"Your husband. You see, he will always be John Rivière to me. That's how I knew him during these wonderful days at Arles and Nîmes." Her voice became dreamy with memories. "I met him first, you know, at the arena at Arles. We sat for hours in the flooding sunlight reconstructing our pictures of the past. The stone tiers were vivid orange in the sunlight and deep purple in the shadows. A deep, greyish purple. We sat apart, I longing for him to speak to me and exchange thoughts. But there was no one to introduce us. How stupid convention is! At sunset we climbed up to the topmost tier and stood together as though on an island tower in the midst of a sea of marshland. I ached to speak to him, and still we remained silent and apart. That night came the introduction I longed for. I was wandering about the dark, narrow lanes of Arles when a half-drunken peasant tried to attack me. I cried out for help, and John came to my defence with his strong arm and his clenched fist. There was no need for formal introduction after that. We found we were staying at the same hotel...."

Olive made no comment.

Elaine continued: "Nîmes is fragrant with its memories for me. The Jardin de la Fontaine, the Maison Carrée, the Druids' Tower, the dear Villa Clémentine!
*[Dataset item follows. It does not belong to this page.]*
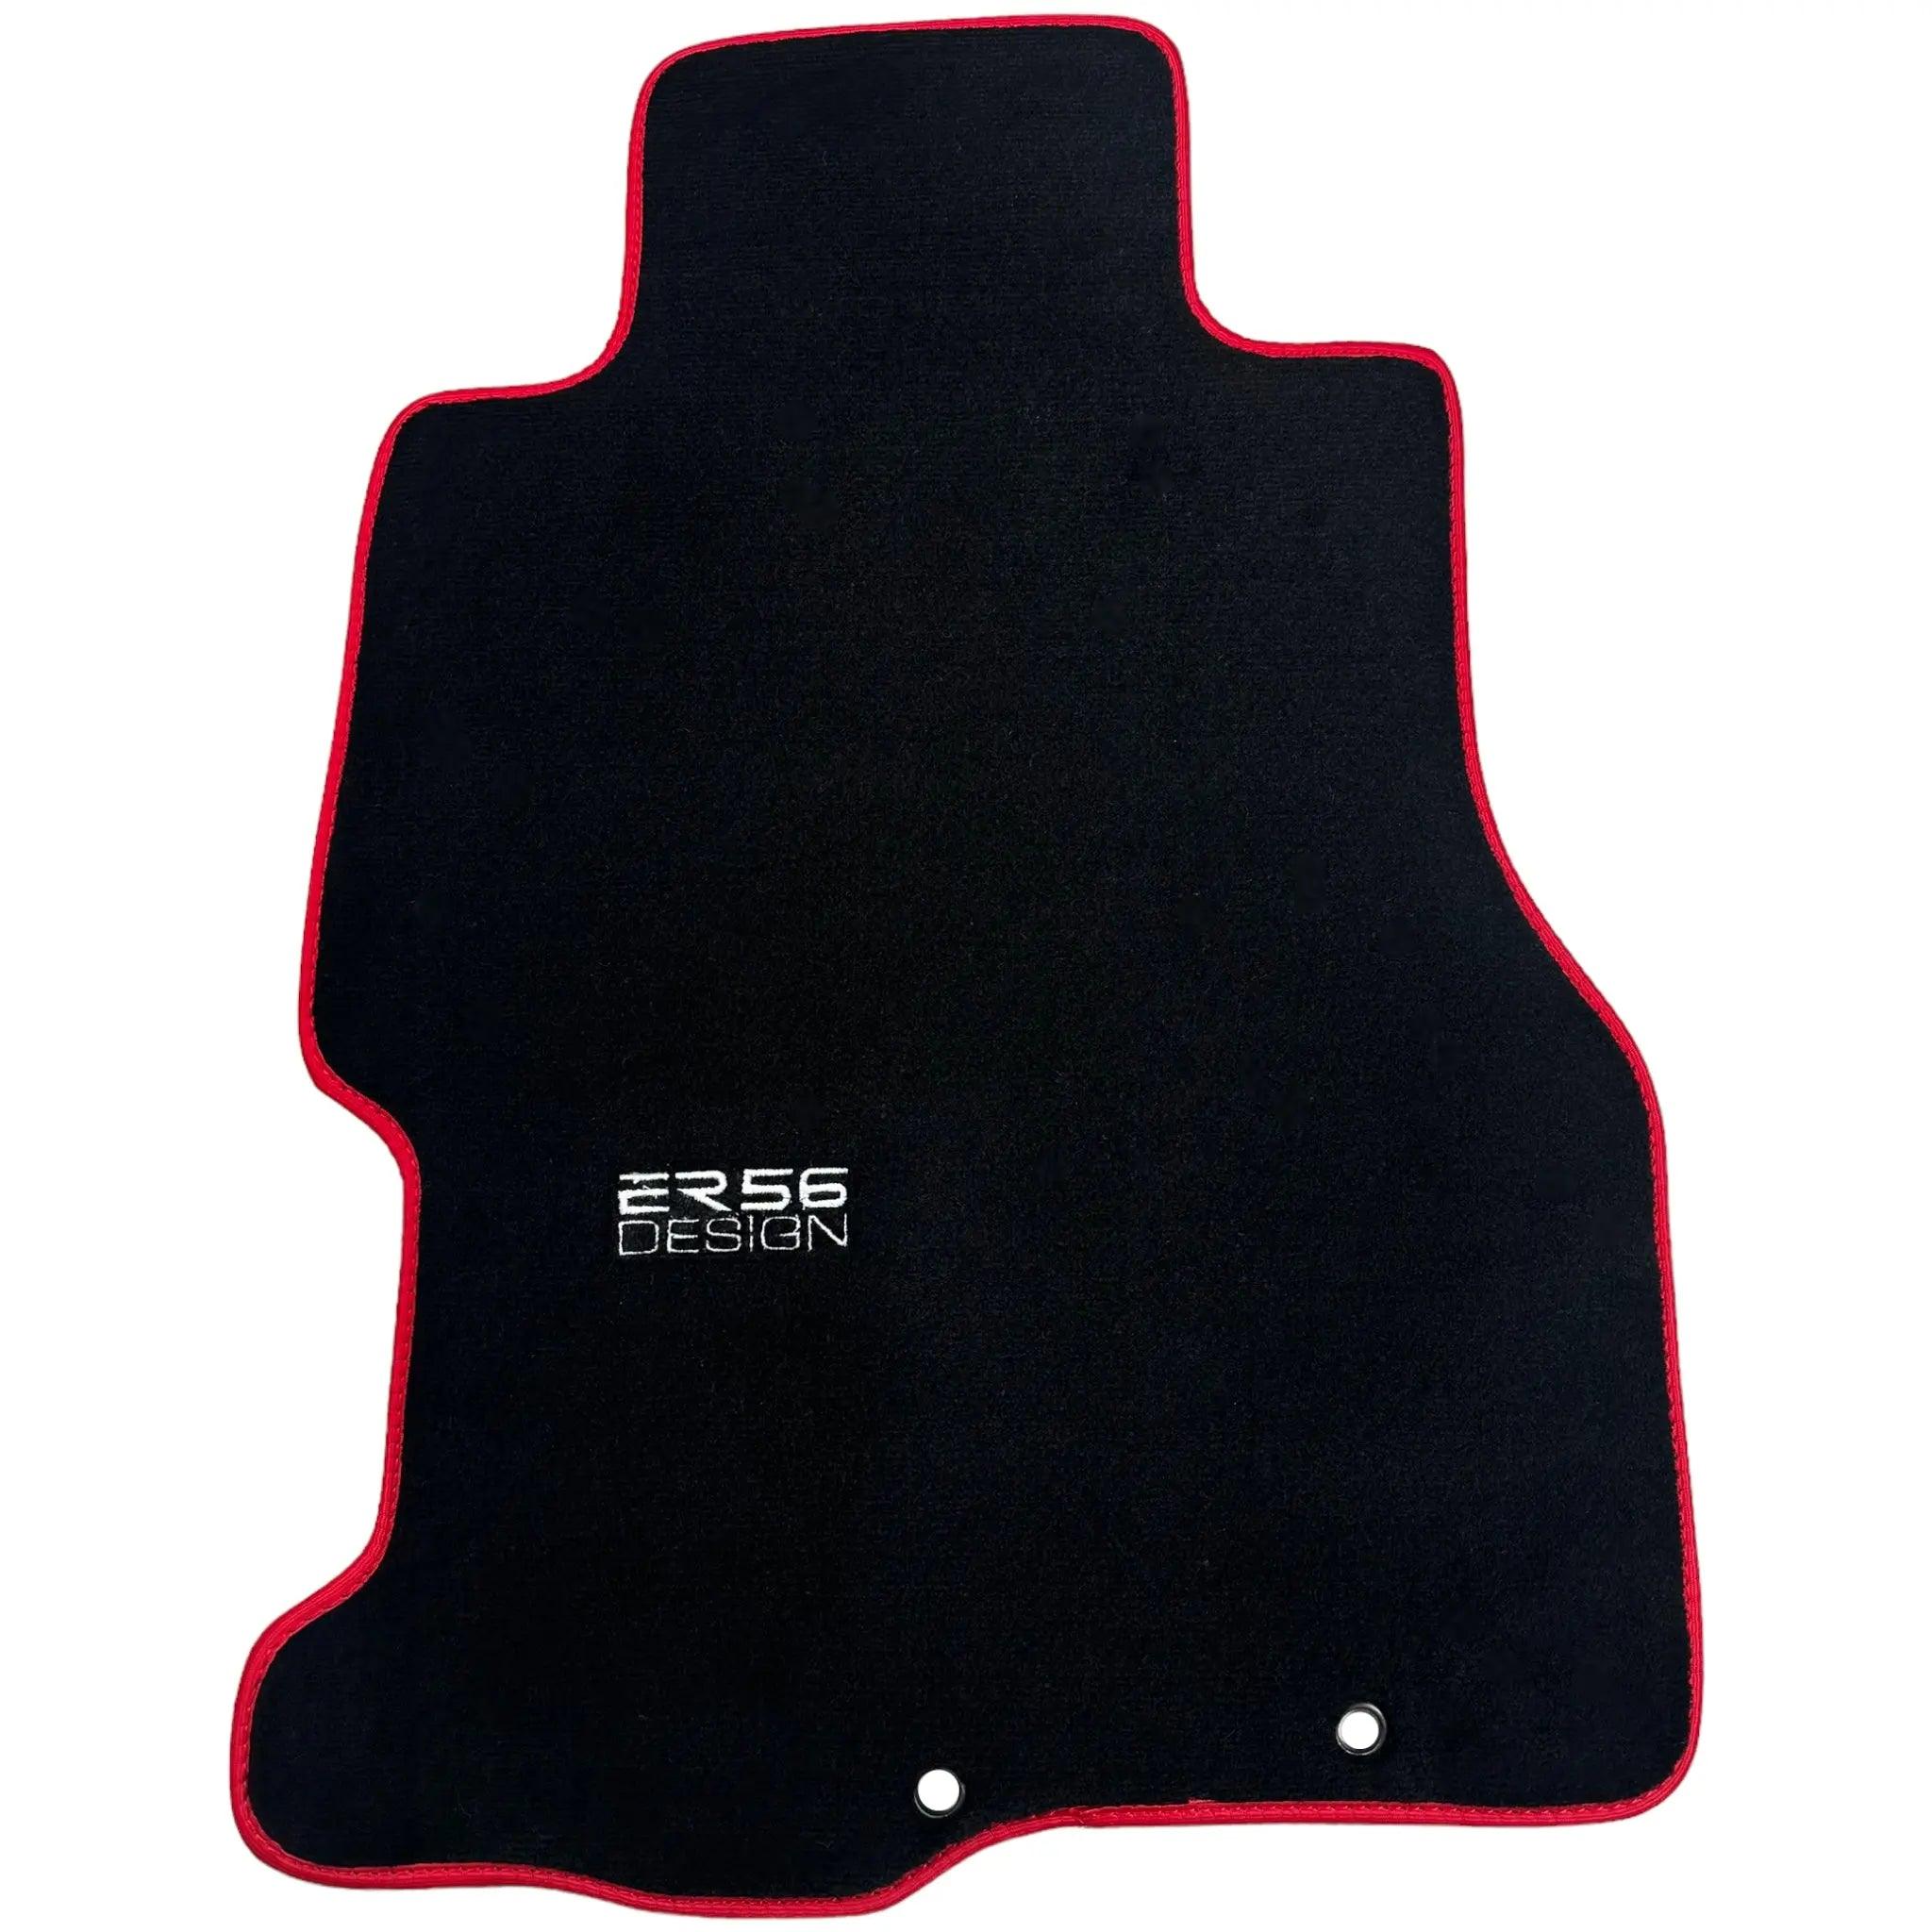 Black Floor Mats For Honda Civic VII (2001-2005) ER56 Design with Red Trim

There was a little pebbly garden and a fountain by which we used to sit for lunch—there were two lazy old goldfish I used to feed with crumbs. Darby and Joan!... Those memories of Nîmes wash away the burn of the vitriol, now that you've been so kind and generous."

"I fail to understand," said Olive coldly. The interview was shaping itself very differently to what she had expected.

Elaine turned her bandaged head towards her in surprise. "But John tells me you've offered to release him!"

"Offered to release him! My dear Miss Verney, Clifford must have been saying pretty things to soothe you. I'm sorry to pour cold water on your dreams, but you'll have to learn the truth some time, and it's kinder to tell you now. Release him! My husband is not an employee to be handed over to somebody else at a moment's notice. There are such things as marriage laws ... and divorce laws."

"Aren't we talking at cross-purposes, Mrs Matheson? I quite understand all that. John tells me that you have promised to divorce him. That's very generous of you."

"You seem to ignore the point that a divorce suit involves a co-respondent."

"No; not at all. I wanted to see you in order to thank you; and then to arrange the details so that the matter can go through with as little trouble as possible. Of course, after your kindness, I shall let the suit go undefended."

Olive searched the bandaged face of her rival with merciless scrutiny. But the blinded girl seemed unconscious of that look of stabbing hatred and suspicion. She was apparently smiling happily—weaving day-dreams. Her hand went out to the vase of white lilac caressingly.